THERE I was buying my food locally and in season to cut down on food miles.

The food didn't have to travel as far, therefore less carbon dioxide was emitted and therefore I would be helping slow human-induced global warming.

I spend hours checking food labels for their country of origin and buy Australian when I can.

Some countries, concerned about the carbon emissions of air transport, have gone so far as to put air-freighted stickers on food.

The trendy UK supermarket chains, Tesco and Marks and Spencer, did this.

Turns out I was presumptuous, and Tesco and Marks and Spencer were perhaps too quick to exploit the concept.

Indeed a study at New Zealand's Lincoln University in 2006 found it made more sense (based on food miles) for someone in England to buy lamb shipped from New Zealand than to buy locally raised lamb.

The study crashed the theory that food miles, alone, are a fair measure for buying food based on its carbon dioxide emissions output.

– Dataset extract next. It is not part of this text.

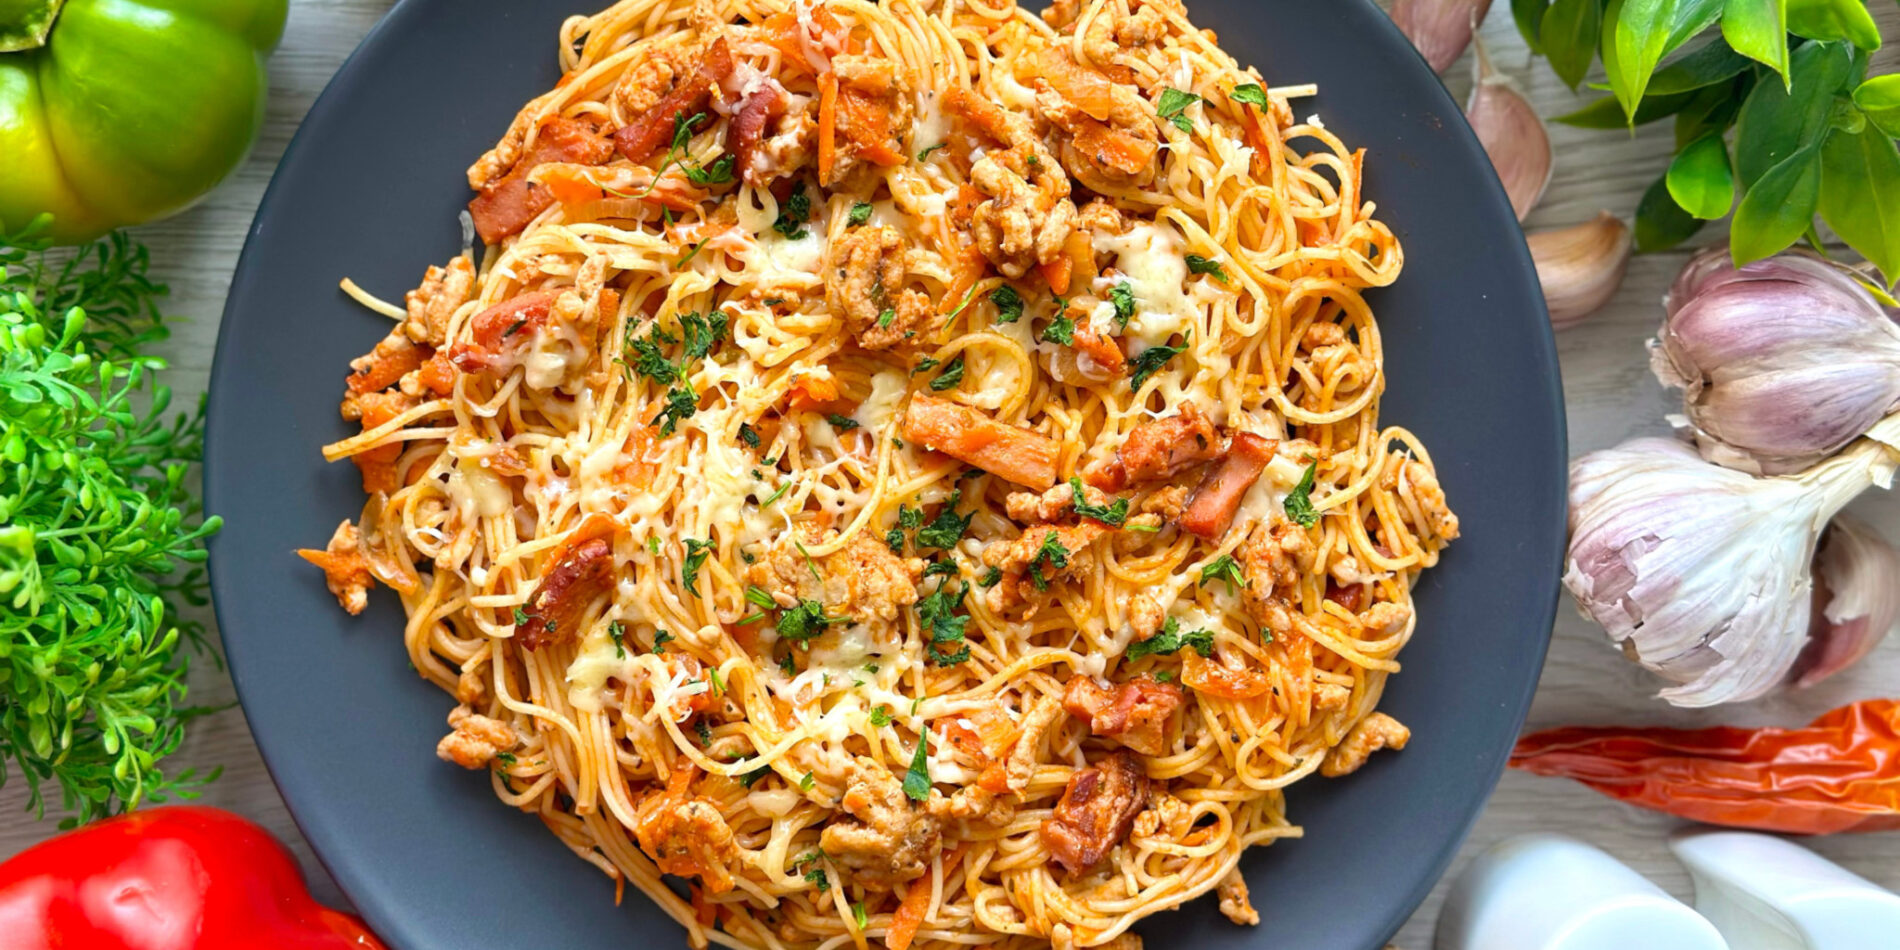 Pikantne spaghetti z mięsem - propozycja przygotowania

It's not rocket science really. After all, there's much more to food than simply transporting it.

At the very least you have to plant, water, fertilise, harvest and pack it, and the carbon dioxide emitted in these steps are not taken into account by food miles.

The study found that lamb raised on natural pastures in NZ was less carbon-intensive than lamb raised in intensive-farming (ie. feedlots).

Ditto with dairy products.

NZ also produced more energy-efficient and less carbon-intensive apples than the UK, thanks largely to high storage emissions in the UK but when it comes to onions, the UK beat the NZ version hands down on energy efficiency and carbon intensiveness.

The study was funded by the NZ Government which, like Australia, has a vested interest in protecting its export markets upon which both countries depend.

Still, it threw a spanner in the works and got economists salivating at the prospect of developing theories and methods for calculating the true "carbon cost" of food.

That, as you'd expect, is proving challenging in the extreme.

Other countries have already examined and tested carbon labels, according to a recent report published by the Australian Bureau of Agriculture and Resource Economics, which examines the issues in food miles and carbon labelling.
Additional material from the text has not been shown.